- Born: 14 November 1953 (age 72) Taivalkoski, Northern Ostrobothnia, Finland
- Education: University of Turku University of Helsinki
- Employer(s): Åbo Akademi University University of Turku University of Helsinki Ethnomusicology Royal Journal of Musicology Women and Music
- Organization(s): International Council for Traditional Music The Finnish Society of Ethnomusicology
- Notable work: Music and Gender (2000) Kaija Saariaho (2009)

= Pirkko Moisala =

Finnish ethnomusicologist (born 1953)

Pirkko Moisala (born 14 November 1953) is a Finnish ethnomusicologist, writer and educator. She leads the research project Indigenous Musics and Well-Being at the University of Helsinki, founded the International Council for Traditional Music and is vice-chair of Finland's Society for Ethnomusicology. She is known for her research on Finnish composer Kaija Saariaho and for co-editing Music and Gender.

== Career ==
Moisala studied at the University of Helsinki and University of Turku (UTU). She has worked at Åbo Akademi University and the University of Turku. She is professor emerita of Musicology and Ethnomusicology at the University of Helsinki. She leads the research project Indigenous Musics and Well-Being, which "studies music as a tool for ethnic empowerment, social cohesion, and cultural sustainability."

Moisala is a member of the editorial boards of the scholarly journals Ethnomusicology, Royal Journal of Musicology and Women and Music. She founded the International Council for Traditional Music (ICTM) and is vice-chair of The Finnish Society of Ethnomusicology .

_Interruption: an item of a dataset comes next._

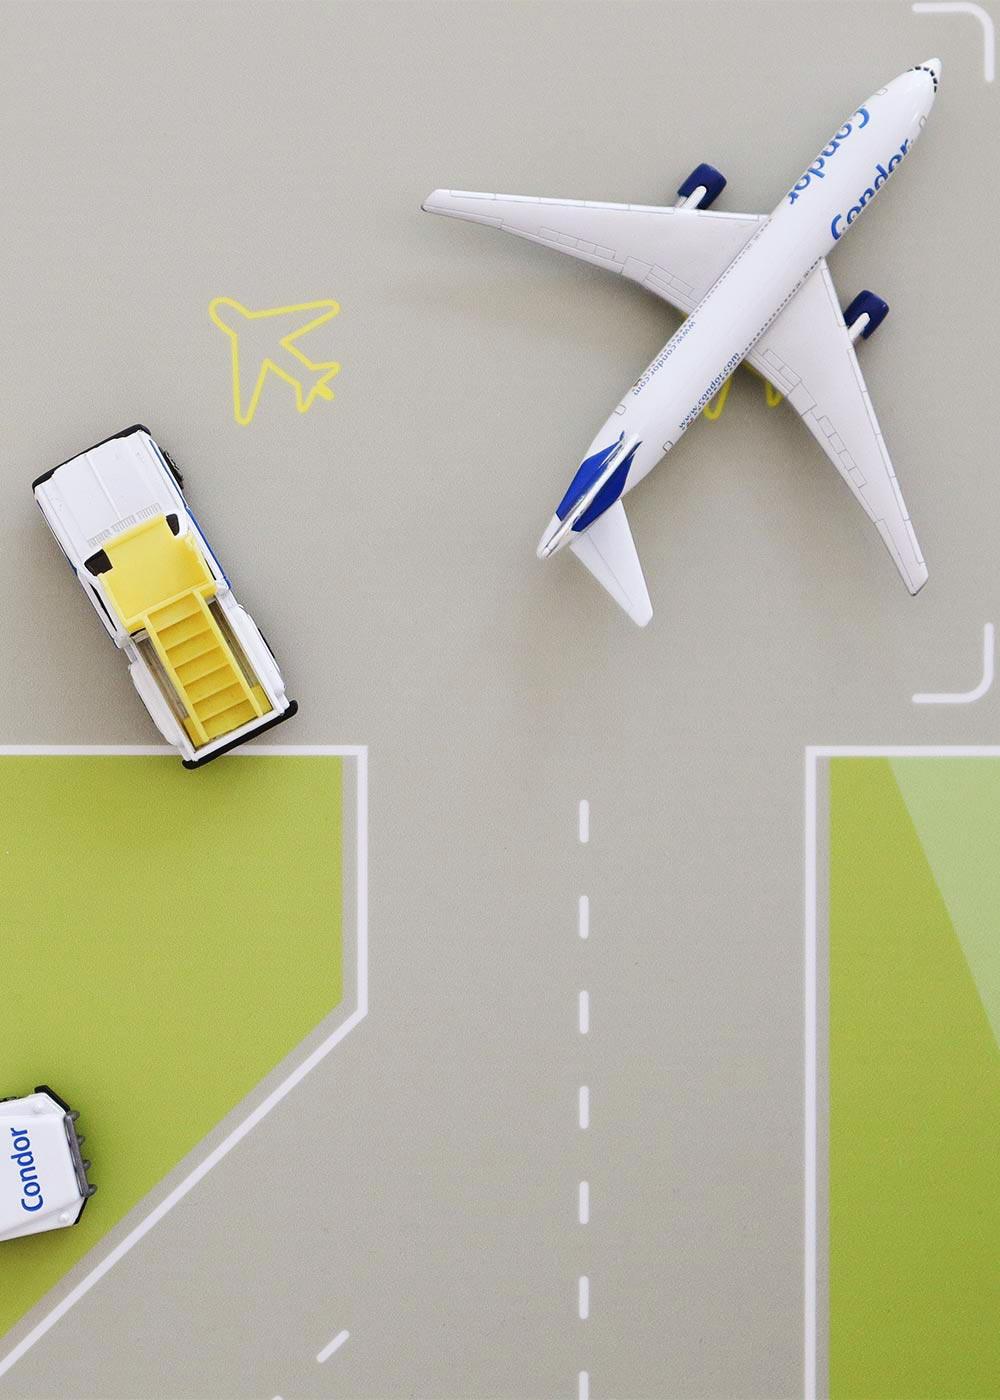 Ikea Smastad Bank Landebahn Flugzeug

== Selected publications ==

- Cultural Cognition in Music: Continuity and Change in the Gurung Music of Nepal (1991, Gummerus Kirjapaino Oy)
- Kansanmusiikin tutkimus: Metodologian opas (1991)
- Music and Gender (co-edited with Beverley Diamond, 2000, University of Illinois Press)
- "Nepal" in The Garland Encyclopedia of World Music: South Asia: The Indian Subcontinent
- Kaija Saariaho, Women Composers Series, 1 (2009, University of Illinois Press)
- Musical Encounters with Deleuze and Guattari (edited with Taru Leppänen, Milla Tiainen and Hanna Väätäinen, 2017, Bloomsbury Academic)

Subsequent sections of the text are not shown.